● WHAT TO DO: Would you repeat word for word the lines of the listing that follows, from the one with "изготовлена из стекла." up to and including the one with "Vestido curto e", and leave out the images?

● EXERCISE MATERIALS:
....
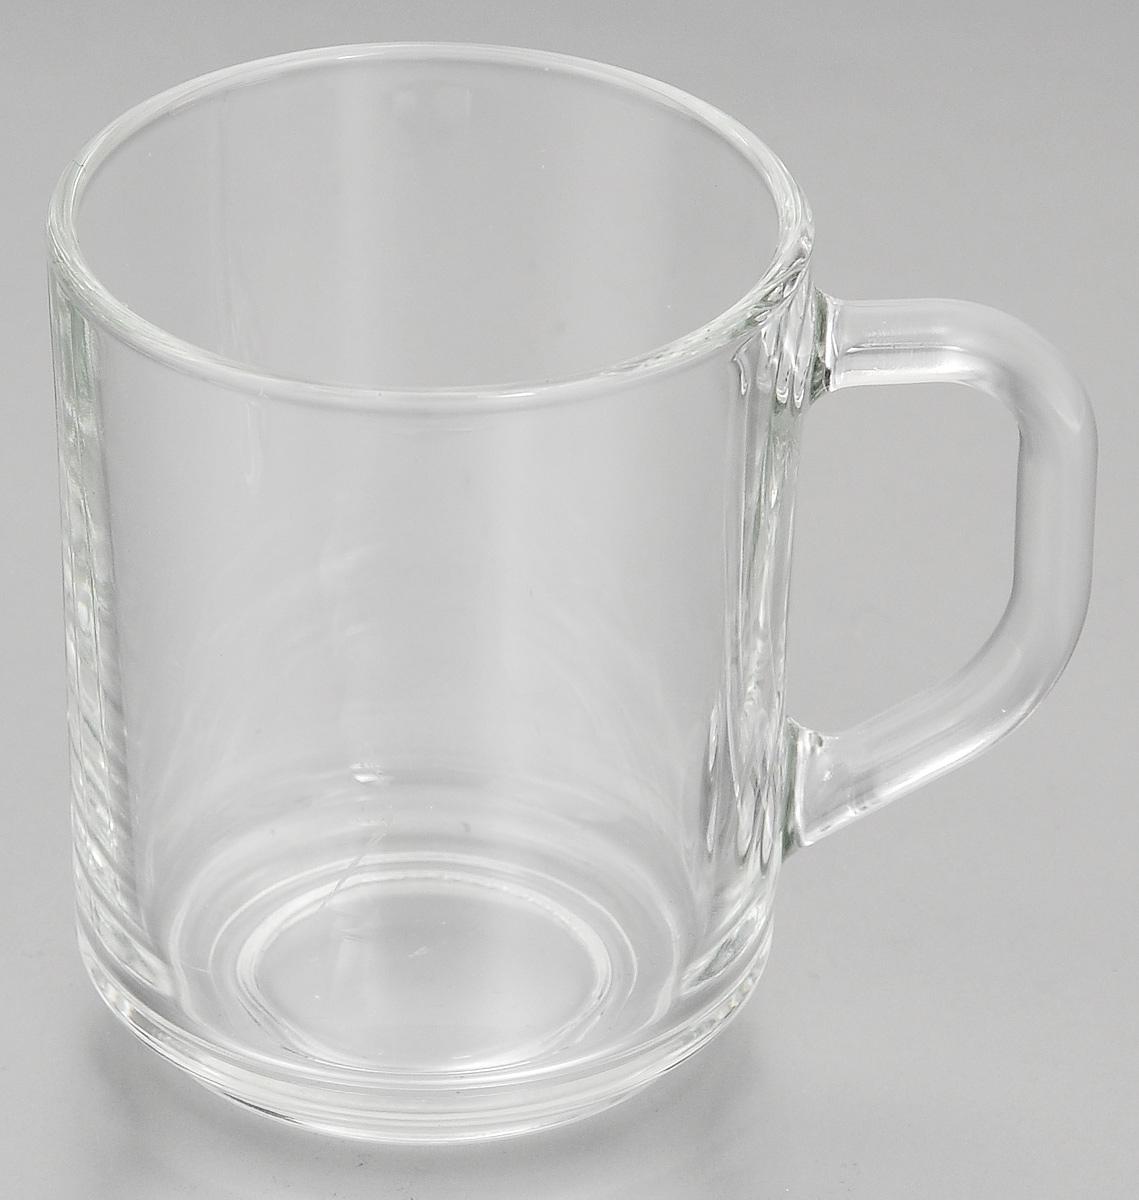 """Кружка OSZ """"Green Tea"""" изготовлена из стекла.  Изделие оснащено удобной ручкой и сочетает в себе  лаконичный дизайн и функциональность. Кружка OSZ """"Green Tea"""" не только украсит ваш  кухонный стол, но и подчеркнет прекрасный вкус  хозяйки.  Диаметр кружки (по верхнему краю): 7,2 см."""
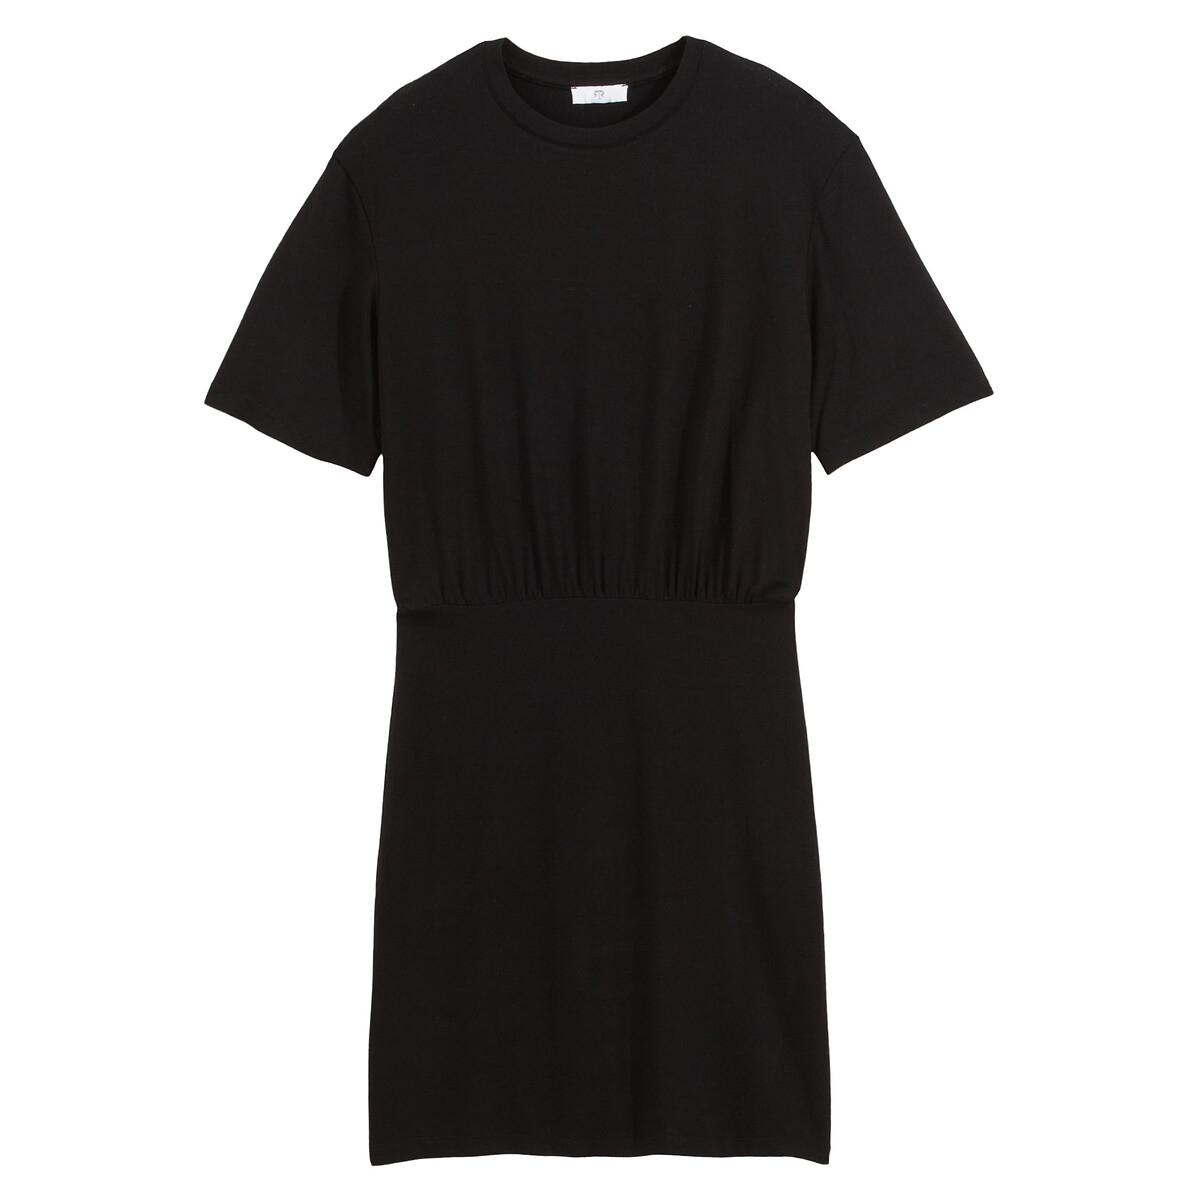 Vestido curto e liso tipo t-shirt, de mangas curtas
....
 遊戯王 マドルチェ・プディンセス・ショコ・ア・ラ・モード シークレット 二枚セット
....
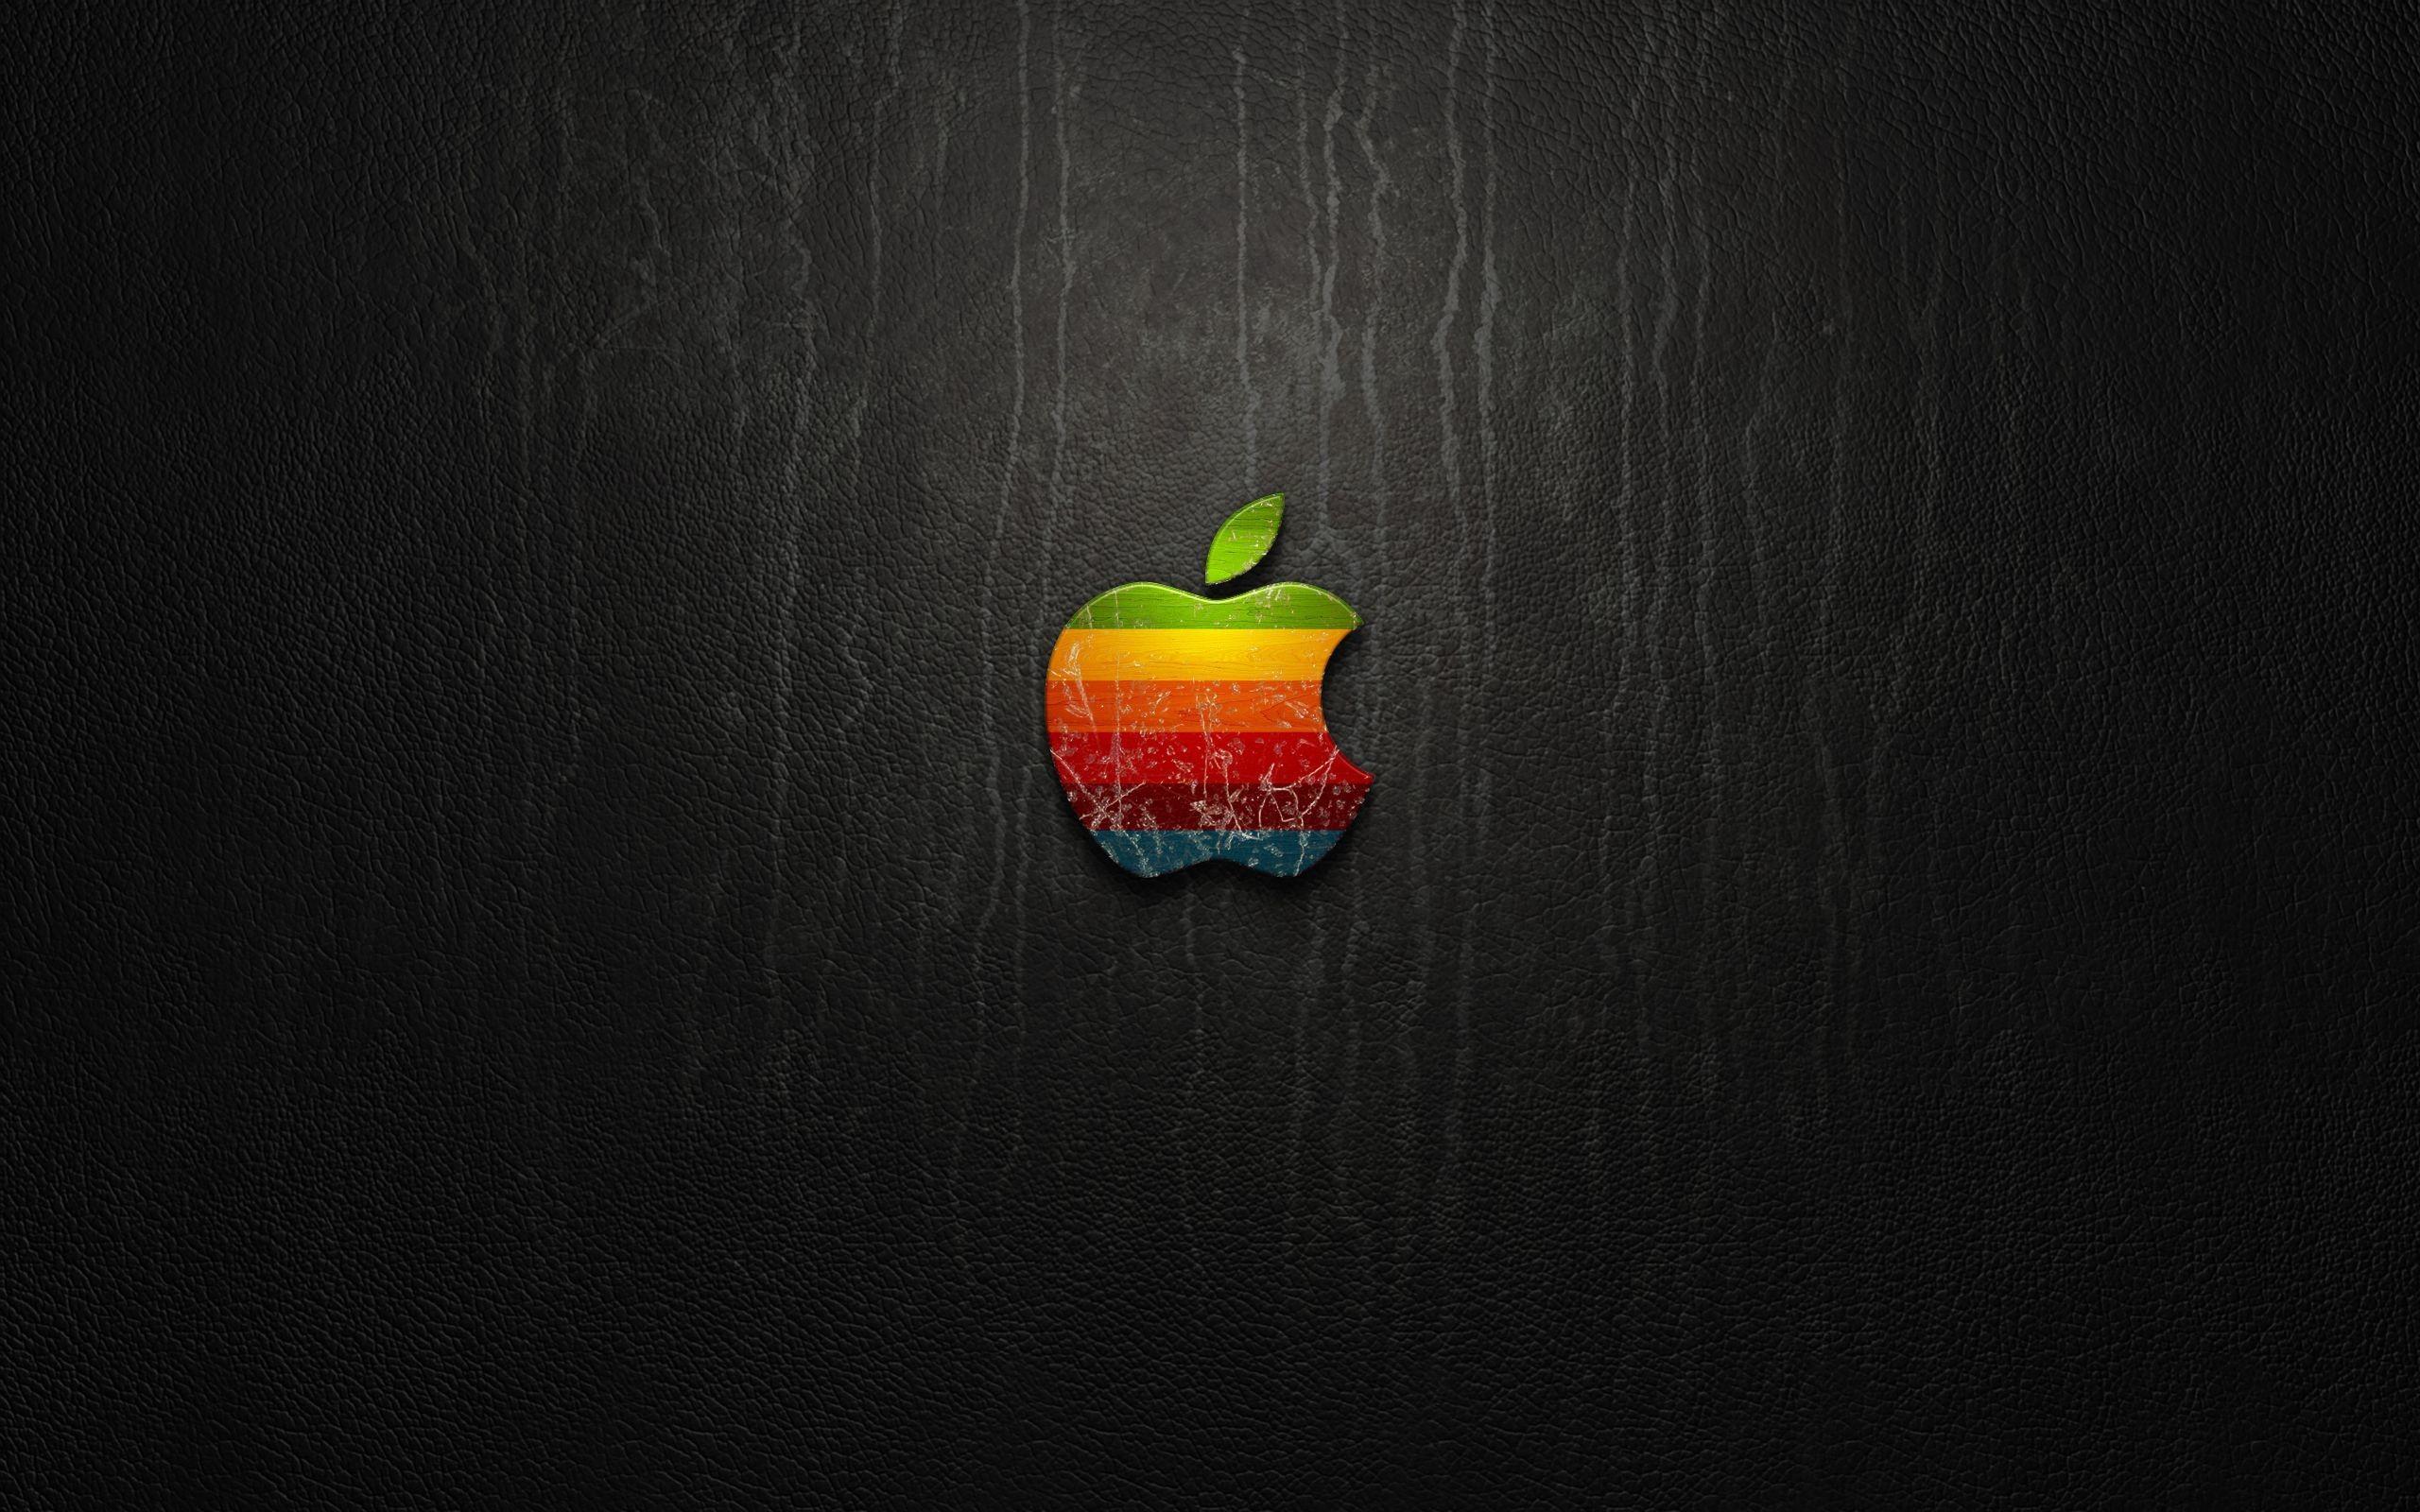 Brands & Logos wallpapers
....
● FINISHED EXERCISE:
 """Кружка OSZ """"Green Tea"""" изготовлена из стекла.  Изделие оснащено удобной ручкой и сочетает в себе  лаконичный дизайн и функциональность. Кружка OSZ """"Green Tea"""" не только украсит ваш  кухонный стол, но и подчеркнет прекрасный вкус  хозяйки.  Диаметр кружки (по верхнему краю): 7,2 см."""
 Vestido curto e liso tipo t-shirt, de mangas curtas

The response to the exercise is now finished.